Тихо открылась дверь, вошла Мавра. Прежде чем помолиться, она пытливо посмотрела на меня, на солдатку Машу, затем известила:
— За тобой я, Петя.
— Что случилось? — удивился я.
— Сход скликают. Старосту, слышь, и писаря сменять хотят… Про тебя есть слухи… Вроде в писари выкликать собираются.
— Спасибо, тетка Мавра. Когда будут сменять десятского Шкалика, я выкликну тебя. Согласна?
— А то разь нет! — засмеялась Мавра, — тогда и навовсе я буду знать все раньше других.
14
По пути на сход ко мне зашел Илюшка. Он теперь настоящий мужик. Не знаю, прибавилось ли в нем ума, зато фасон налицо. Важный стал. Руку подал не как прежде, с дурашливой улыбкой, а протянул ее издалека, будто лопату.
— Здорово, Петр Иваныч.
— Здорово, Илья, — так же важно отвечаю я ему, — как живете с законной супругой?
— Помаленечку, — говорит он и глаза ведет к потолку, будто что увидел там. — А вы?
— Мы? — удивился я. — Он перешел на «вы». — Мы, как бог поможет.
— Бог‑то бог, сам не будь плох, — сказал он поучительно.
На Илюхе новый пиджак и брюки. Разглядев, я догадался. Он вычернил свою шинель — и костюм готов. Но откуда новые сапоги? Может быть, на пенсию купил? А может быть, тесть Палагин?.. Словом, дело его, Илюхино. Нет, недаром посмотрел Илья на потолок. Оглядев еще стены, пол, домашнюю утварь, он деловито, будто впервые все это увидев, заявил:
— Плохо живете.
— То есть, как плохо? — не понял я.
— Бедно, — пояснил Илюха. — Избу надо переделывать.
— Правильно. Советую тебе с моим отцом об этом поговорить.
— Сам берись, на отца не надейся.
— Он — командир, — ответил я, все более удивляясь хозяйственности молодожена.
— В такую избу ни одной девки не сосватаешь, — проговорил Илья, и в голосе его даже бас послышался.
— Вот как! У вас изба не лучше, а все‑таки сосватали.
— Мы — дело другое. Мне тесть сруб сторговал. С отцом делюсь. Сам хозяин буду.
Сказал и от удовольствия даже зажмурился.
— Что ж, — промолвил я печально, — ты в сорочке родился.

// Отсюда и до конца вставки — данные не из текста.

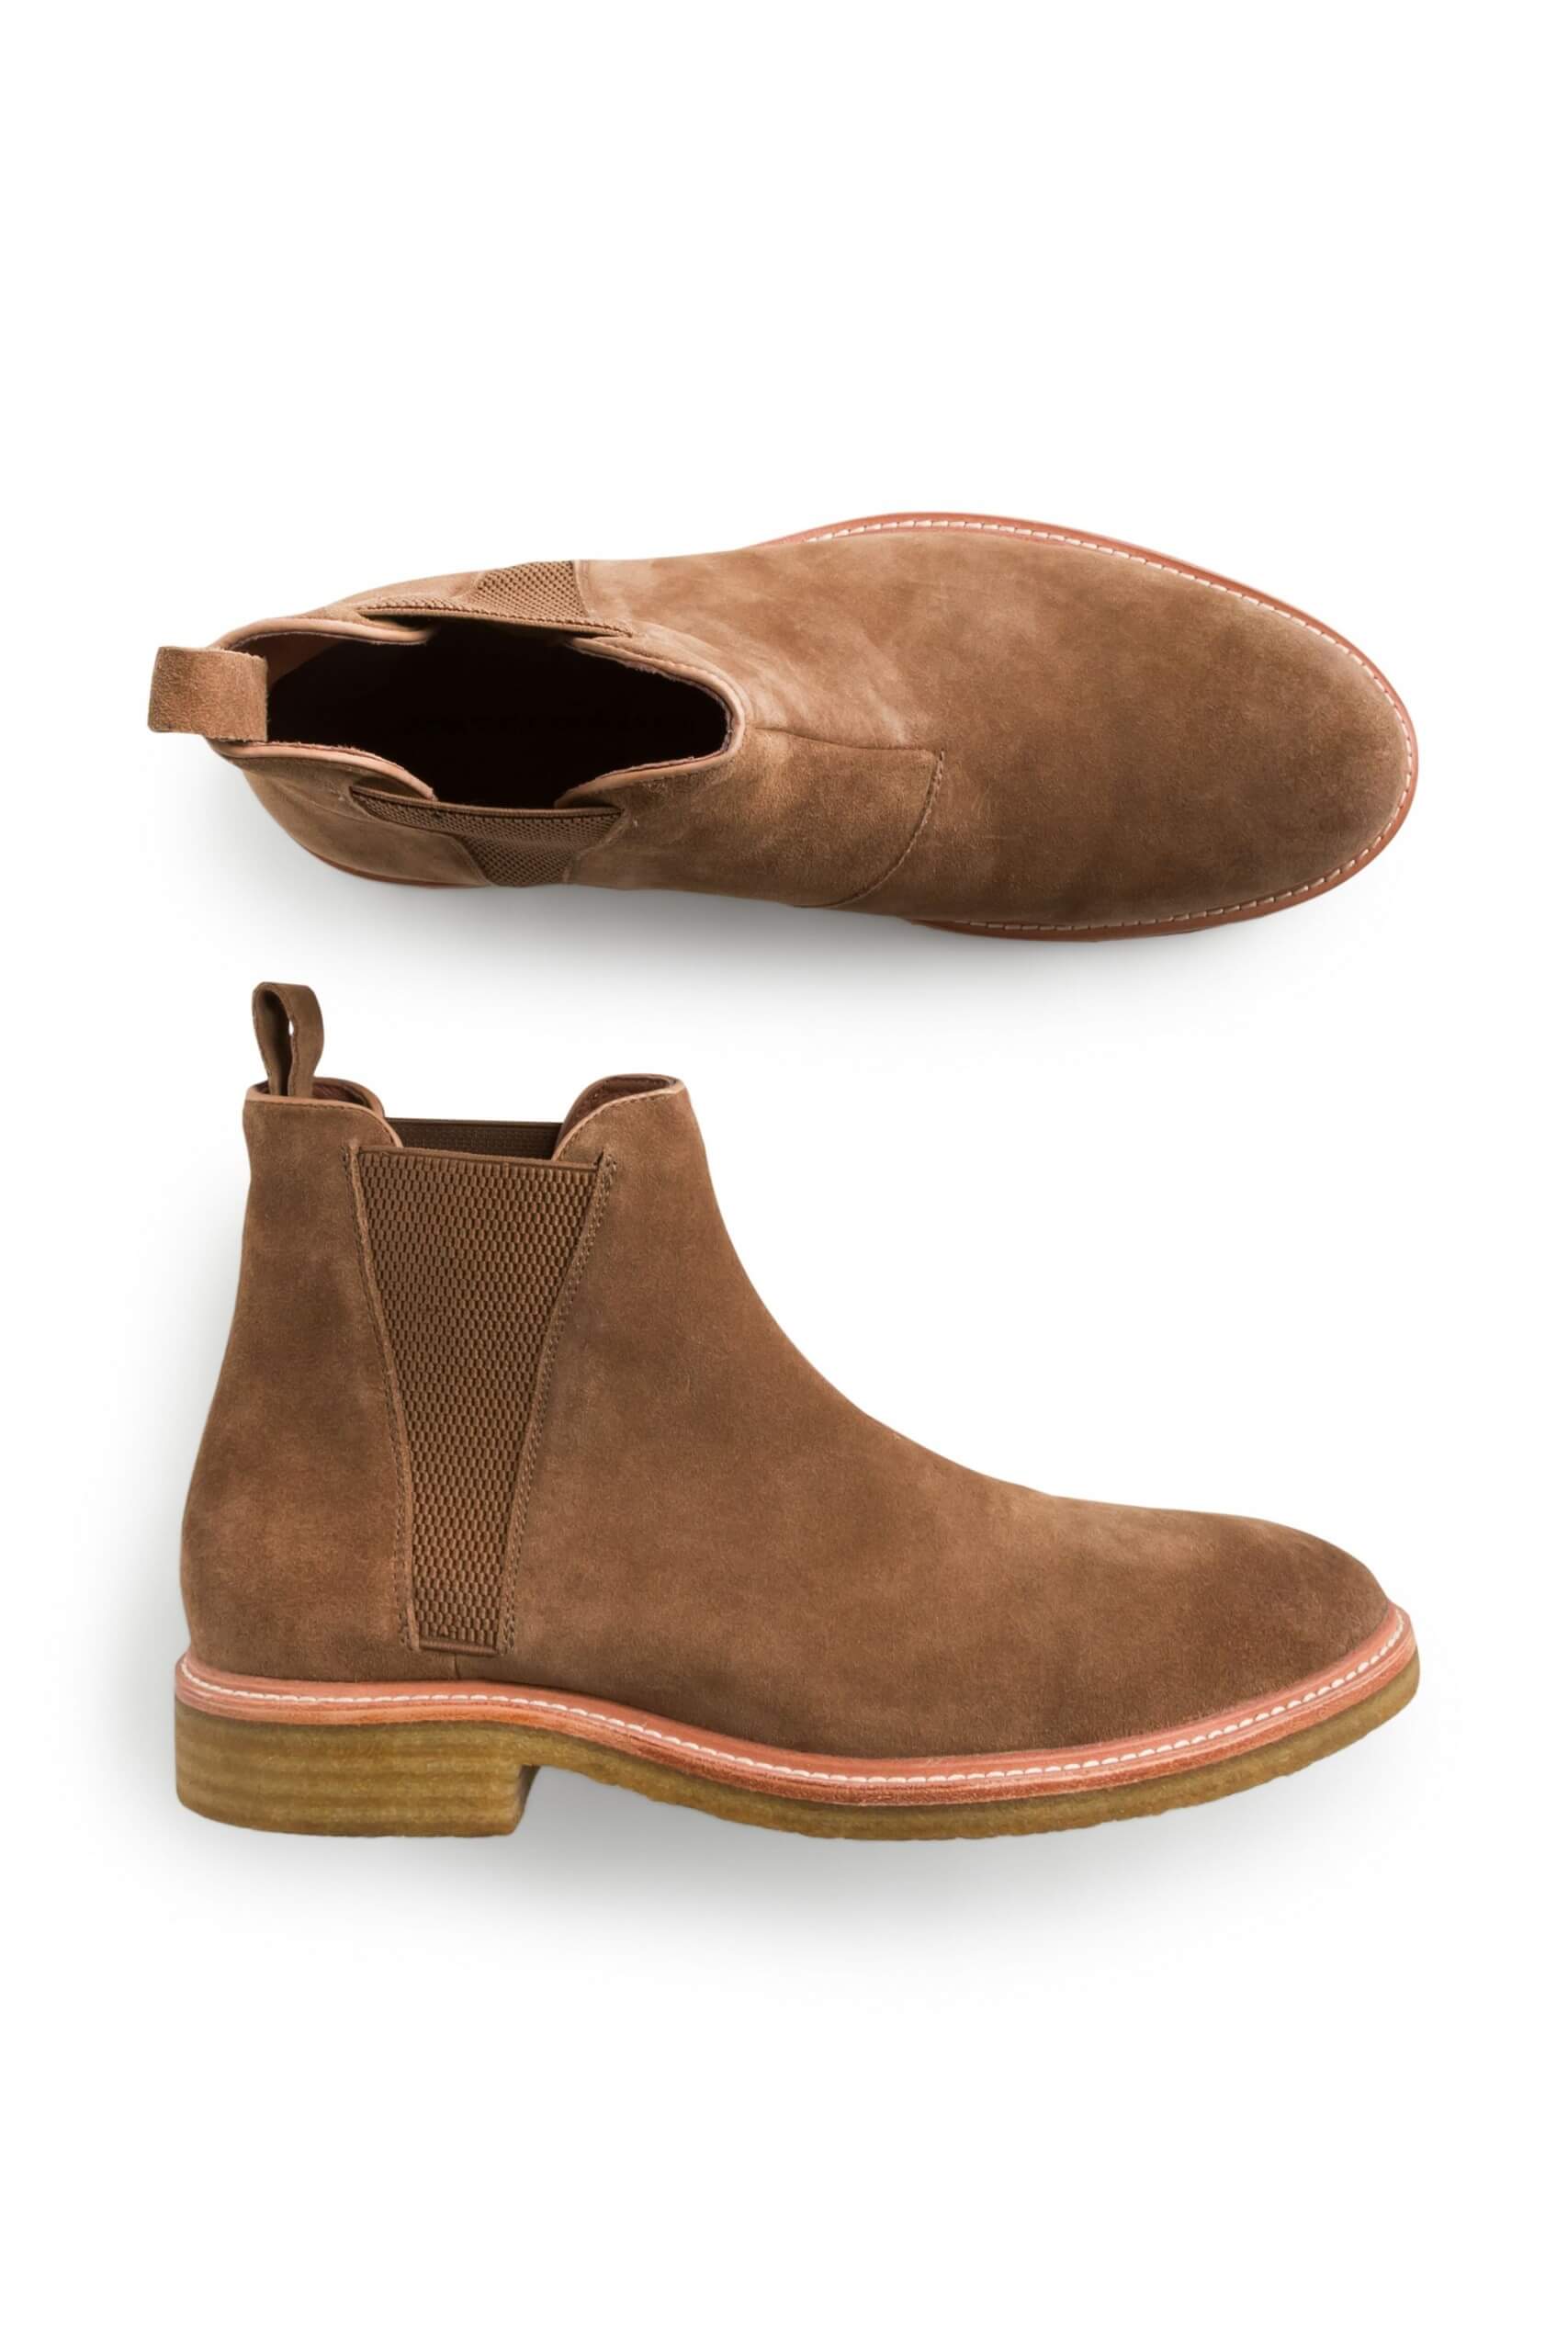 LV Flex Chelsea Boot - Men - Shoes

Тебе вон какого тестя послал бог.
— Сам не будь плох, — опять и совсем уже ни к чему повторил он. — Пойдем на сход.
Сыпал мелкий, бесконечный осенний дождь. Кое у кого в избах горели огни. В темноте хромоногий друг несколько раз налетал то на оглобли, то на брошенную небрежным хозяином дугу. Я очень боялся, что Илья повредит себе ногу. Он шел впереди. Раньше всегда плелся сзади меня, а теперь даже рядом идти не хочет. Изменился человек! Не считает ли он меня мальчишкой, а себя всамделишным мужиком?
Сход во «въезжей» избе. Она — просторная, пятистенная. Илюха проталкивается сквозь народ и изредка кое–кому небрежно сует руку, иных он будто не замечает, хотя они и окликают его. Совсем заважничал зять богатого вора Палагина. Я отстал от него и остановился возле Андрея, с которым мы ездили в город. Андрей мне теперь как бы стал родным человеком. Обрадовался и он, увидев меня. Глаза его под черными лохматыми бровями загадочно блеснули. И мне уже чудилось, вот подмигнет и скажет: «Знаю, знаю. Э–эх, девка‑то, а?» Но он ничего не сказал. Просто мне самому так хотелось. Я поздоровался с ним, и мы стали слушать, что говорил староста. Тот в чем‑то оправдывался. Шум и выкрики мешали слушать. Особенно шумели солдатки. Оказывается, была ревизия денежных дел, и выяснилось, что староста растратил не только мирские деньги, но и пособие, полагавшееся солдаткам.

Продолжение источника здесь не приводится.